Those are what I was referring to with a classy/luxurious gondola.  With the money The Heritage Club is charging (and getting), one would think they could afford to make a pretty comfortable and luxurious gondola setup.  Though, like others have mentioned, for the distance and time it is traveling, a gondola may not be the best idea and/or worth it.


----------



## Domeskier (Apr 29, 2015)

Jcb890 said:


> Those are what I was referring to with a classy/luxurious gondola.  With the money The Heritage Club is charging (and getting), one would think they could afford to make a pretty comfortable and luxurious gondola setup.  Though, like others have mentioned, for the distance and time it is traveling, a gondola may not be the best idea and/or worth it.
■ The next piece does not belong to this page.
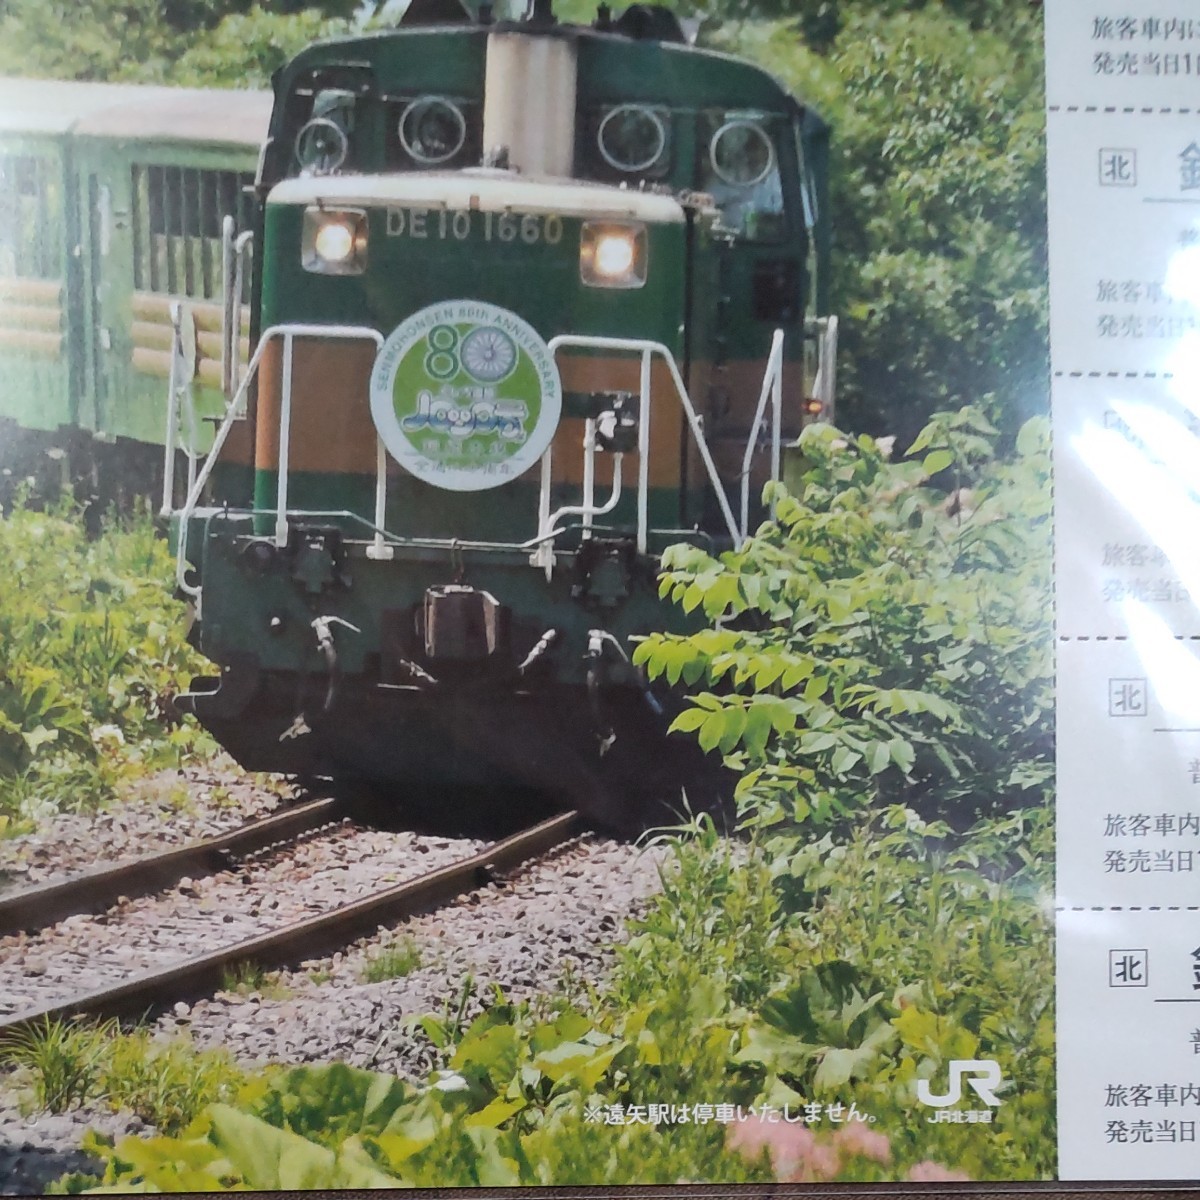 JR北海道 原生花園 キハ ノロッコ号 オレンジカード 3枚セット 使用済み
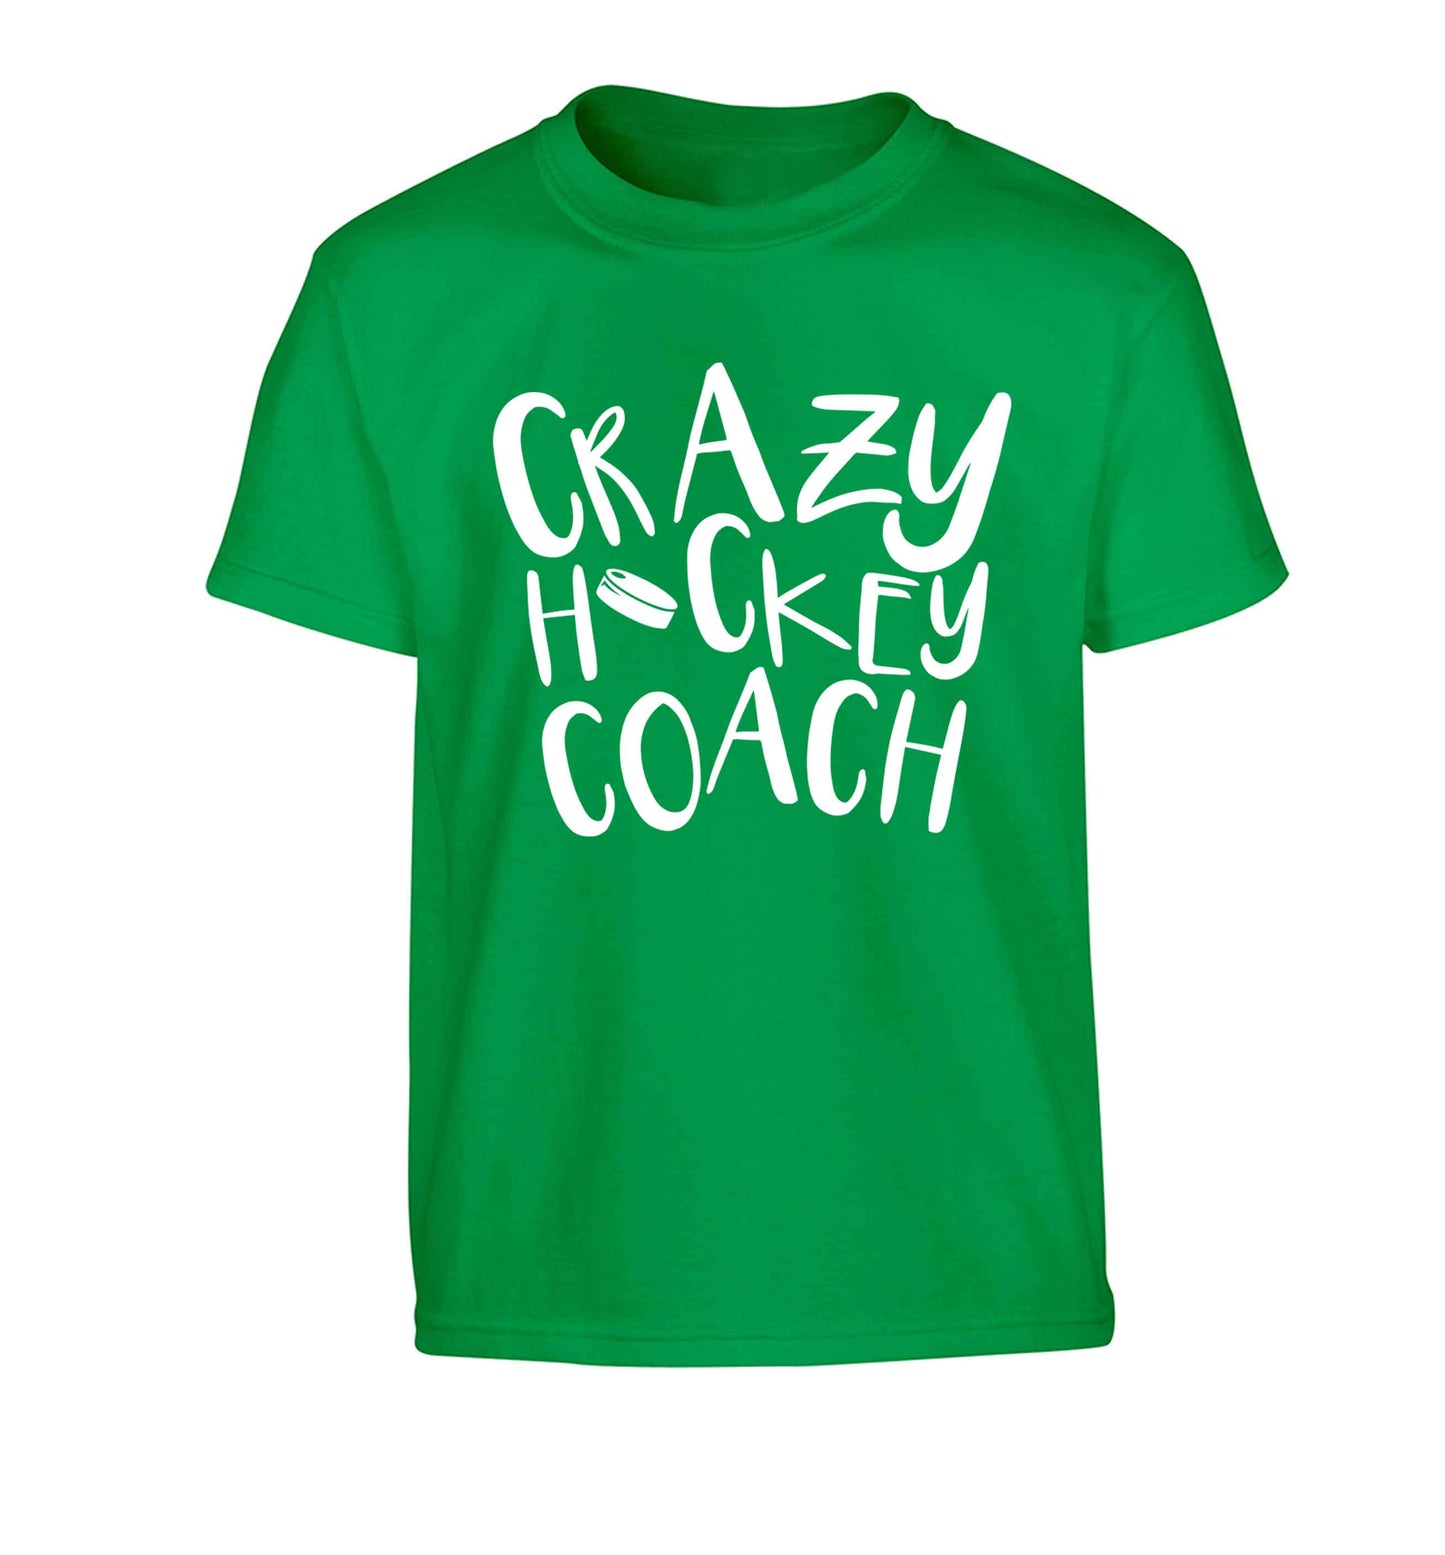 Crazy hockey coach Children's green Tshirt 12-13 Years

the sauna gondola might be pushing it:

http://unofficialnetworks.com/2013/06/worlds-outrageous-gondolas


----------



## gmcunni (Apr 29, 2015)

plus gondolas (not brand new ones) never hold fat skis with twin tips well.


----------



## drjeff (Apr 29, 2015)

Angus said:


> the Jordanelle Gondola doesn't really service any ski terrain but just the private homes that have been developed along that side of resort. drjeff - how much of the terrain do you think is covered (or planned to be) by snowmaking and is there enough H2O to support near full coverage in a lean snow year?



I have to disagree a bit here.  Sure there are many, high priced mansions in the Deercrest section of Deer Valley where the Jordanelle Gondola is one of the 2 main lifts on that peak, but to say that it doesn't really service any ski terrain isn't correct, as there's some solid cruisers over there as well as some decent pitched bump runs.  And that's just the terrain that the public gets to ski, and doesn't even include the private ski to/from trails that service houses over there that aren't on a major, public ski run.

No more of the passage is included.